Sie haben eine neue Festplatte und trotzdem dauert das Kopieren Ihrer Daten unendlich lange? Wenn Sie einen Film ins DVD-Laufwerk legen, ruckelt das Bild beim Abspielen? Wie kann das sein?
Ganz einfach: Viele – vor allem ältere – Festplatten und Laufwerke schöpfen ihr Potential nicht aus, Betriebssystem und BIOS nutzen nicht alle verfügbaren Features der Massenspeicher. Dabei steigt der Datendurchsatz beim Aktivieren oder Optimieren von DMA – einer wesentlichen Funktion – zum Teil enorm, das gilt für Festplatten, aber auch für CD-ROM- und DVD-Laufwerke. DMA steht für Direct Memory Access: Die Technik befördert Daten von einem Laufwerk oder einer Festplatte über einen DMA-Kanal direkt in den Hauptspeicher. Die Übertragung der Daten steuern so genannte DMA-Controller, die auf dem Mainboard sitzen – zusätzlich müssen das BIOS und die Laufwerke DMA unterstützen. DMA erhöht den Datendurchsatz, es fließen also mehr Daten in derselben Zeit. Die Technik entlastet zudem die CPU, weshalb Filme flüssiger laufen, das Kopieren von Daten schneller wird und weniger Probleme beim Schreiben auf DVDs auftreten.
Gefahren lauern
Aktuelle Linux-Distributionen erkennen und aktivieren DMA gewöhnlich während der Installation. Die Suse Linux Versionen 9.3 und 10.0 reizen die Möglichkeiten der Massenspeicher voll aus, während andere Distributionen eher auf konservative Werte setzen. Auch das ist nicht ungerechtfertigt, denn die Features rufen manchmal Komplikationen hervor. So führt die Aktivierung von DMA unter Umständen dazu, dass der Computer regelmäßig abstürzt, Laufwerke nicht erkennt oder das System im laufenden Betrieb oder während der Installation einfriert. Schuld an diesem willkürlich wirkenden Krankheitsbild sind beispielsweise die Flachbandkabel, die Laufwerke, Festplatten und Mainboard miteinander verbinden. Idealerweise sind sie 45 cm lang und nicht verdreht, auf die Praxis trifft das selten zu.
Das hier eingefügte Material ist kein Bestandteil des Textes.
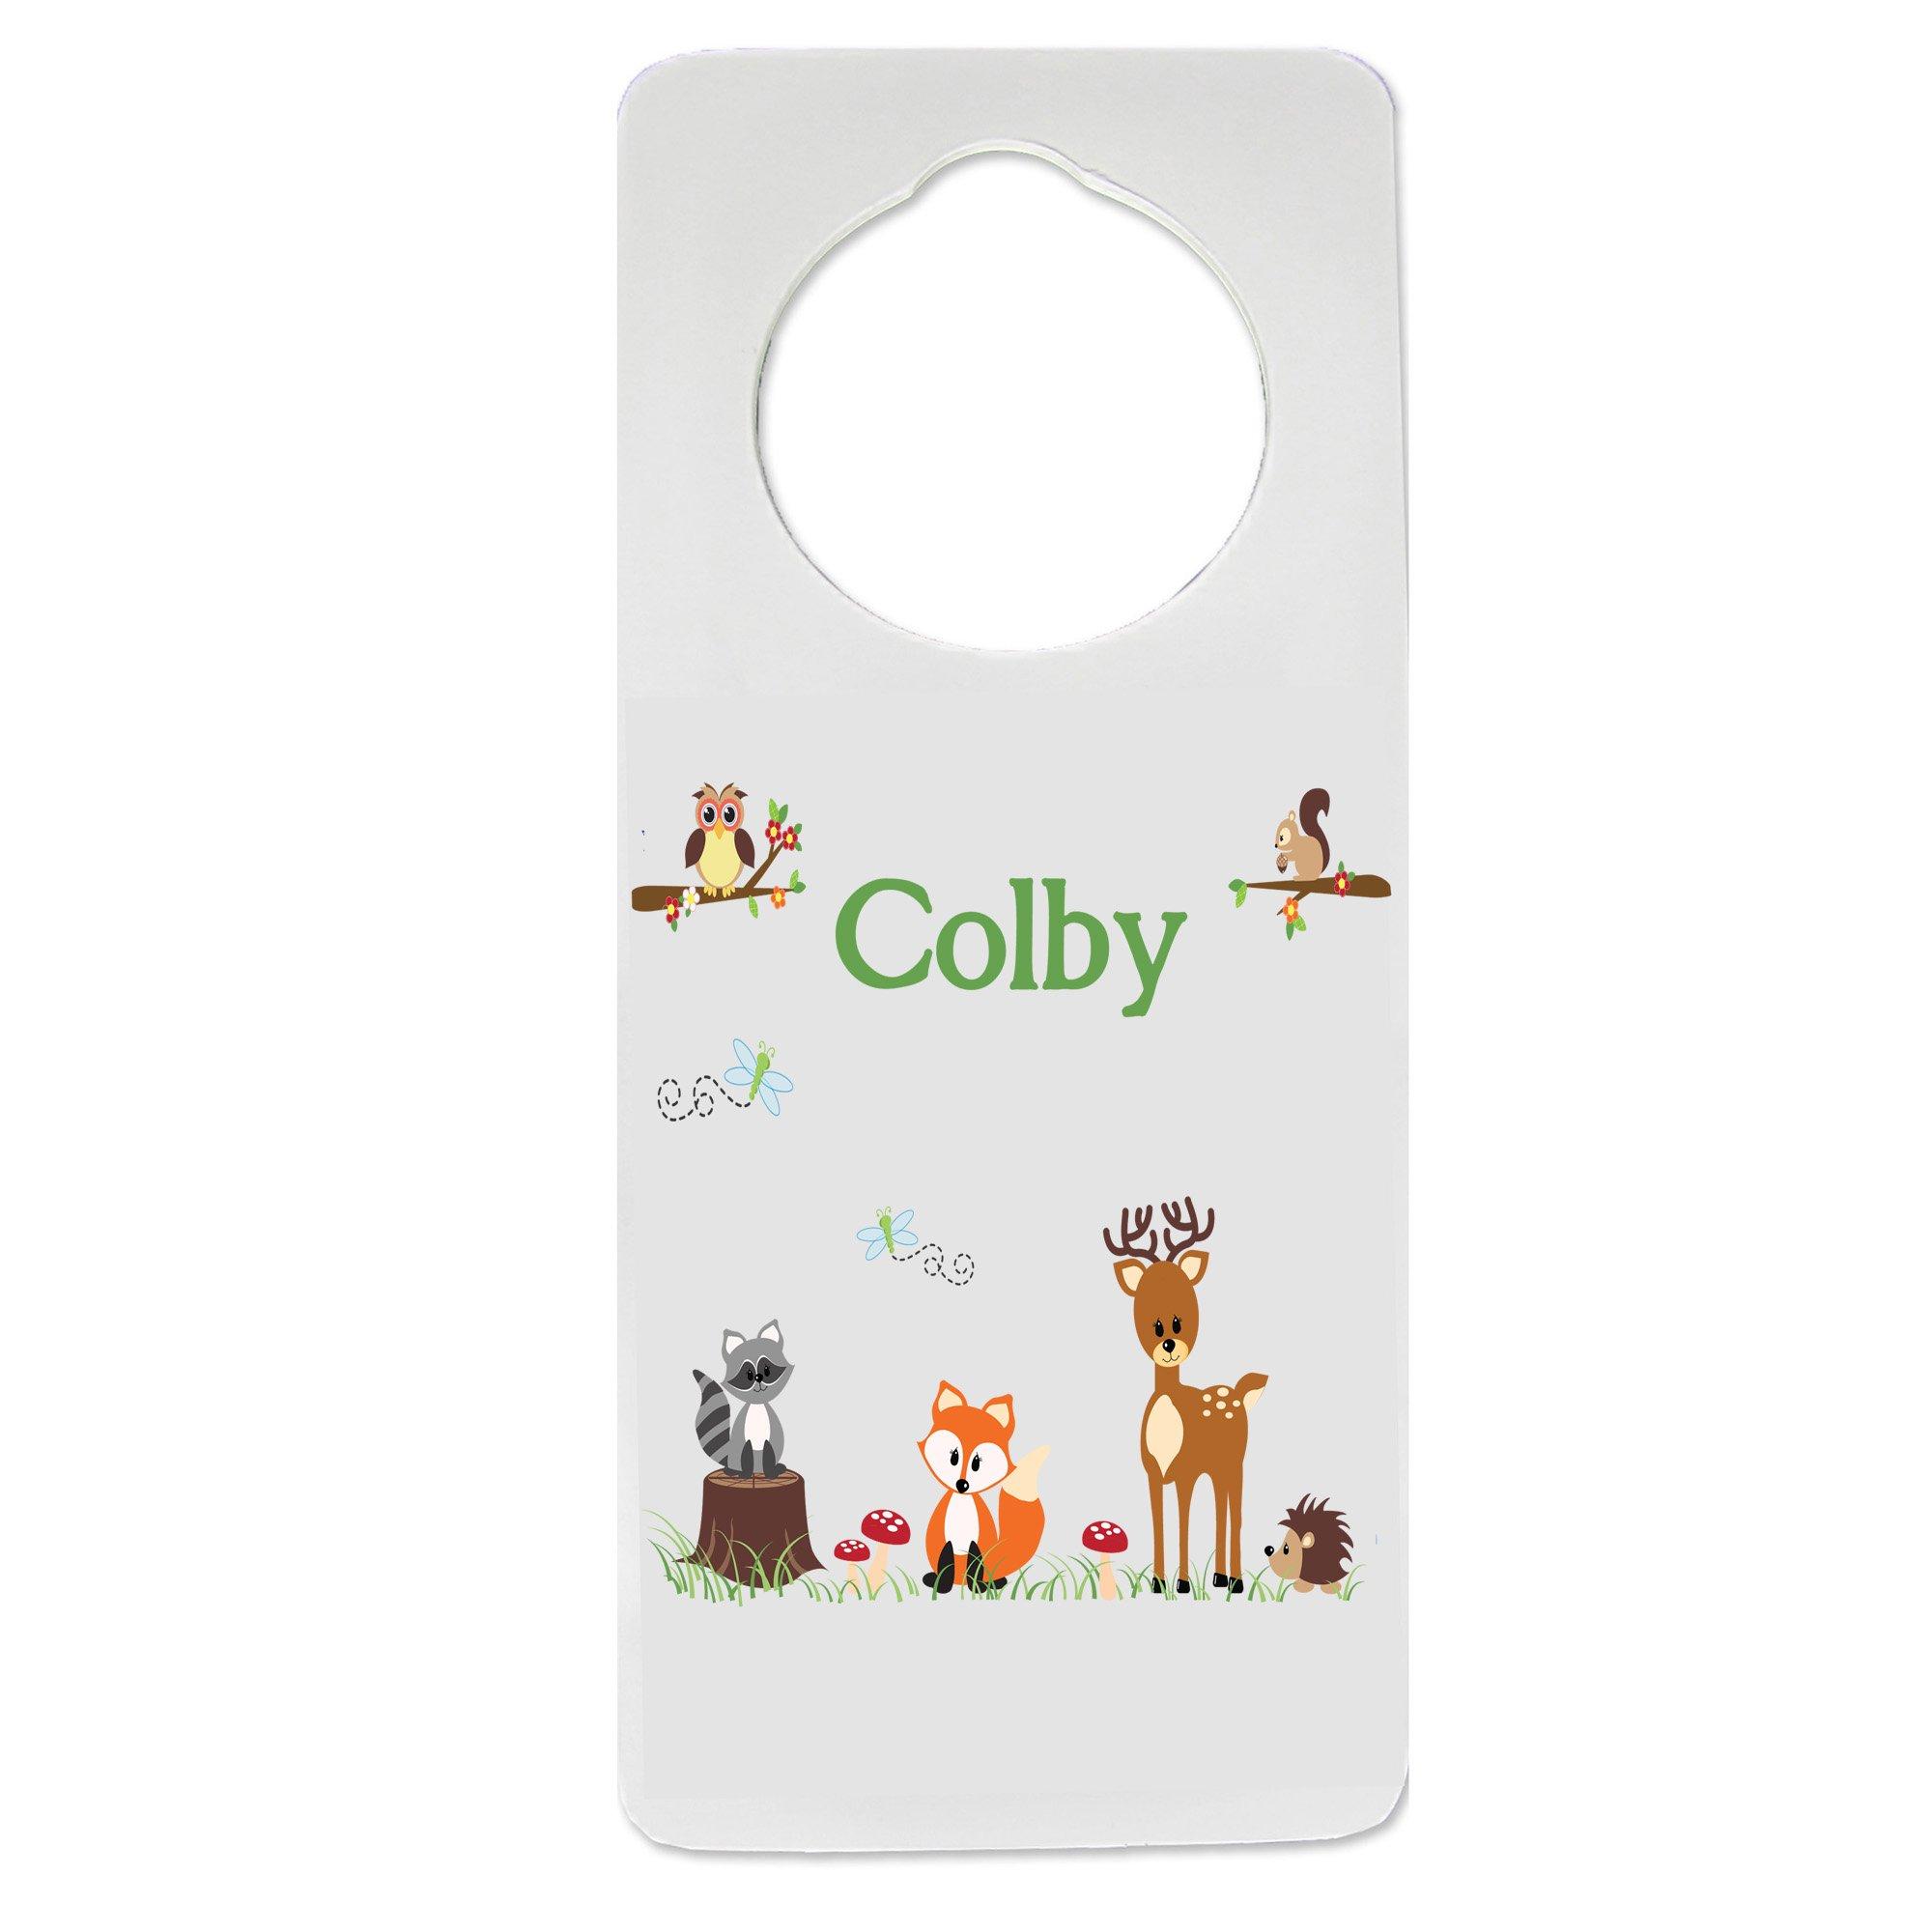 Personalized Nursery Door Hanger with Green Forest Animal design

Neuere Hardware geht zwar robuster mit solchen Problemen um, dennoch wimmelt es in den aktuellen Hilfeseiten zu Hdparm (man hdparm) vor Warnhinweisen wie "Dangerous" oder "Massive filesystem corruption". Eine Datensicherung vor dem Experimentieren empfiehlt sich insbesondere beim Einsatz älterer Kernel oder Hardware; alternativ binden Sie die Festplatte im Nur-Lesen-Modus ein.
Einen Gang zulegen
Das Programm Hdparm [1], das Sie einfach über den Paketmanager Ihrer Distribution einspielen, steuern Sie mit Root-Rechten über die Kommandozeile. Es gibt Auskunft über den Status spezifischer Funktionen Ihrer Massenspeicher und schaltet diese auf Wunsch an oder aus. Wie die Laufwerke und Festplatten heißen, erfahren Sie, indem Sie mit Root-Rechten mount aufrufen. Der Befehl listet die eingebundenen Geräte und die zugehörigen Gerätedateien auf: Im Beispiel kam eine auf /dev/hdc eingebundene "Samsung-SP1203N"-Festplatte zum Einsatz.
Um ihr Potential zu nutzen, holen Sie sich zunächst einmal Informationen darüber, welche Features bereits arbeiten. Geben Sie dazu einfach hdparm /dev/hdc ein, folgt eine Ausgabe wie in Abbildung 1. Steht ein 0 (off) neben einem Feature, ist es nicht aktiv. Nach und nach schalten Sie nun die Funktionen für die Festplatte ein. Im Test wirkte sich allerdings nur die Aktivierung von DMA merklich auf die Geschwindigkeit der Datenübertragung aus. Das Einschalten der anderen Features brachte keinen messbaren Effekt, das kann aber bei älteren Festplatten und Laufwerken sowie bei bestimmten Distributionen durchaus anders sein: Probieren Sie es am besten aus.